Ed Templeton doesn’t emote. He looks at me directly, questioningly, holding a small file or another tool of some description and a piece of wood in his hands as he greets us. He shakes my hand with a gentle but firm squeeze and apologises for rescheduling. There is a calmness about him; an instantly recognisable enquiring intelligence. There’s a dash of awkwardness there, too. Spending a day with an interviewer is, after all, like having a strange kind of blind date with almost zero possibility of a carnal payoff. That awkwardness is, I can’t help but feel, offset by the kind of inner confidence that comes with being the tacit Mayor of HB. That and having been a skateboarding superstar these last twenty-five years.

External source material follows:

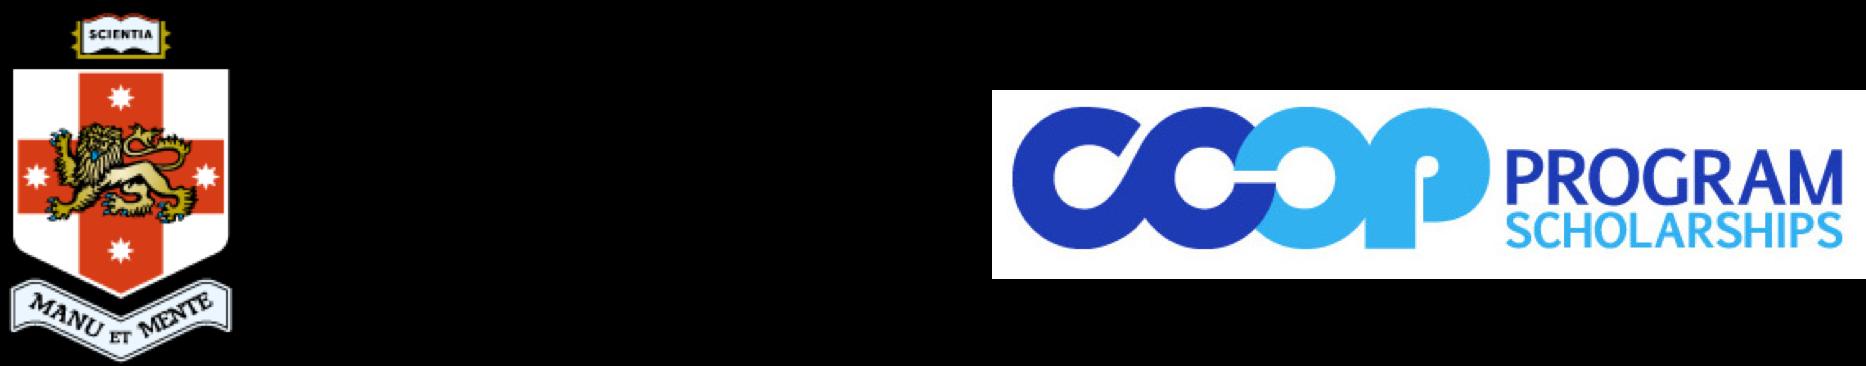 UNSW Co-op Program.png
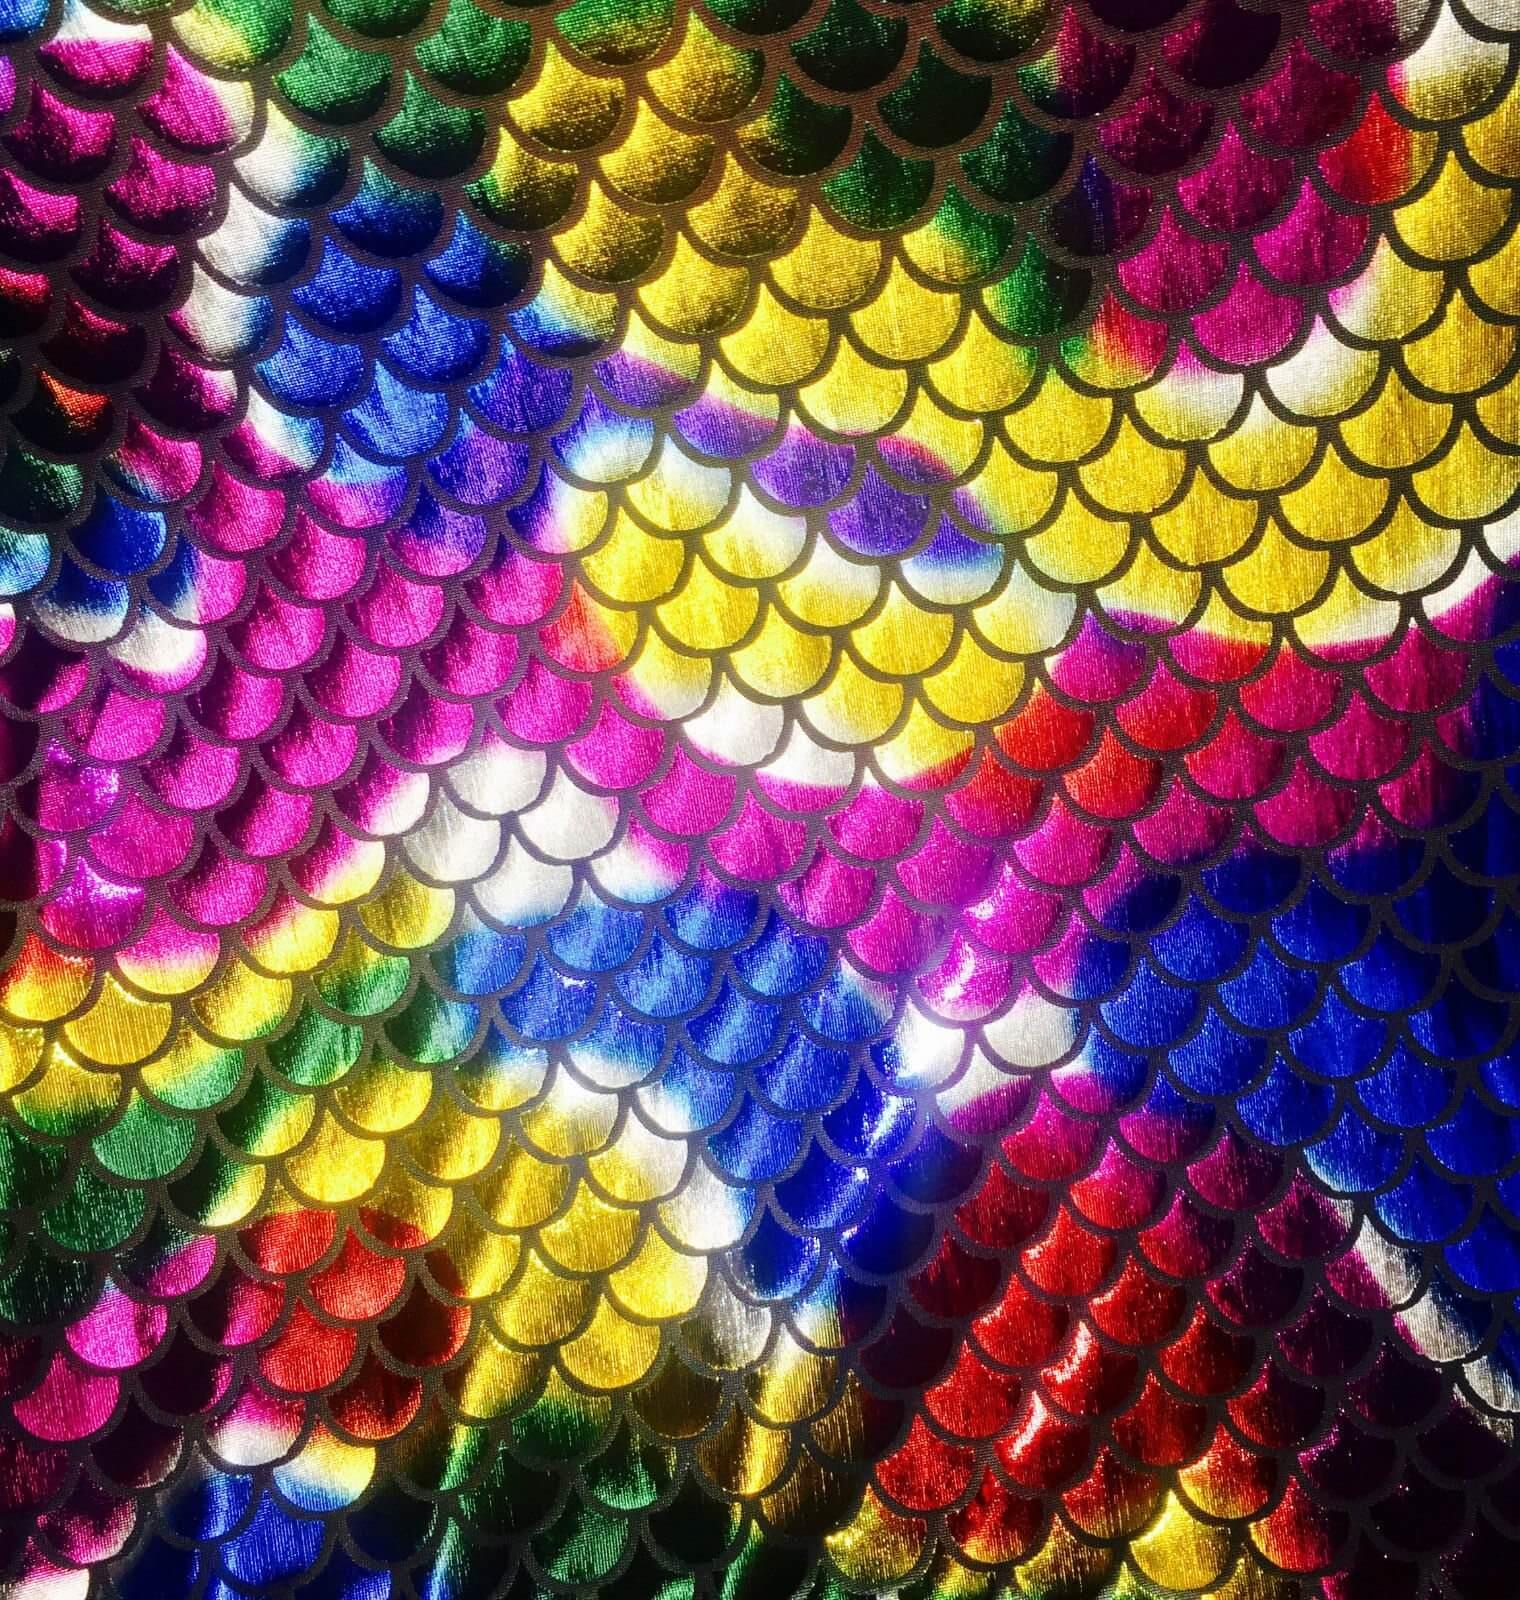 mermaid-scale-fabric-fish-tail-material-2-w-stretch-spandex-57-145cm-wide-rainbow-5b6b63581.jpg

Ed is wearing a simple navy T-shirt, loosely fitted fatigues and a pair of Emerica shoes. He tells me that everything he does involves sitting down these days. This is why he loves the daily walks to the pier. At least he’s not on his arse. His eyes are blue-grey with a hint of green. His hair is swept up high and back and there’s a little product in there. He’s wearing a beard that’s longer than stubble but a week or two shy of ‘full Beardman’; it’s fading to a mature salt-and-pepper white. As he speaks, his right brow arches in thought and he holds eye contact just long enough for you to know he means what he says.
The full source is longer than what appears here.